Some observers think the expected outcome could serve as a pretext for Russian President Vladimir Putin eventually to escalate the war further.

“We can expect President Putin will claim any Ukrainian effort to liberate this land as an attack on so-called Russian territory,'" US Secretary of State Antony Blinken warned the U.N. Security Council on Thursday.

Lavrov dismissed the complaints as the West “throwing a fit” about people making a choice on where they feel they belong.

Russia has offered a number of explanations for what it calls its “special military operation” in Ukraine.
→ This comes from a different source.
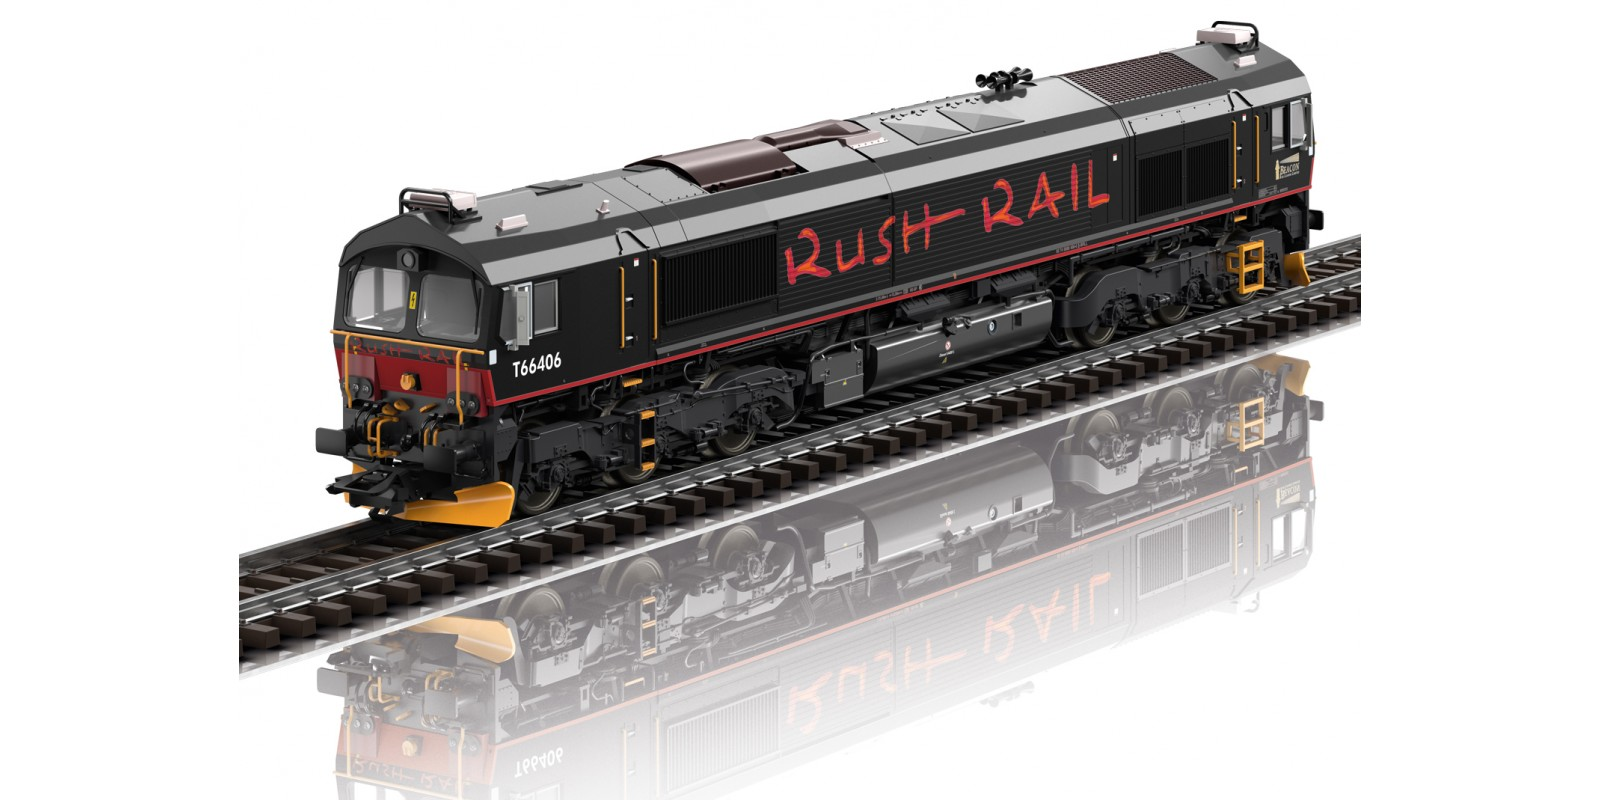 39068 Class 66 Diesel Locomotive

Lavrov recapped a couple: risks to Russia from what it considers a hostile government in Kyiv and a NATO alliance that has expanded eastward over the years and relieving Russians living in Ukraine — especially its eastern region of the Donbas — of what Moscow views as the Ukrainian government's oppression.

The aim was “to remove the threats against our security, which NATO has been consistently creating in Ukraine,” he explained.

While Ukraine has recently driven Russian troops from some areas in the northeast, Ukrainian President Volodymyr Zelenskyy earlier this week warned the assembly that he believes Moscow wants to spend the winter getting ready for a new offensive or at least preparing fortifications while mobilizing more troops.

Regardless, he declared that his forces will ultimately oust Russian troops from all of Ukraine.

The war has disrupted the trade of Ukrainian and Russian grain and Russian fertiliser, touching off a global food crisis. A deal recently brokered by the UN and Turkey has helped get Ukrainian grain moving, but fertiliser shipments have proved more difficult.

At the Security Council on Thursday, Ukraine and Russia faced off, in a rare moment when Lavrov and his Ukrainian counterpart, Dmytro Kuleba, were in the same room — though they kept their distance.

The General Assembly voted overwhelmingly in March to deplore Russia's aggression against Ukraine, call for immediate withdrawal of all Russian forces, and urge protection for millions of civilians. The next month, members agreed by a smaller margin to suspend Russia from the UN Human Rights Council.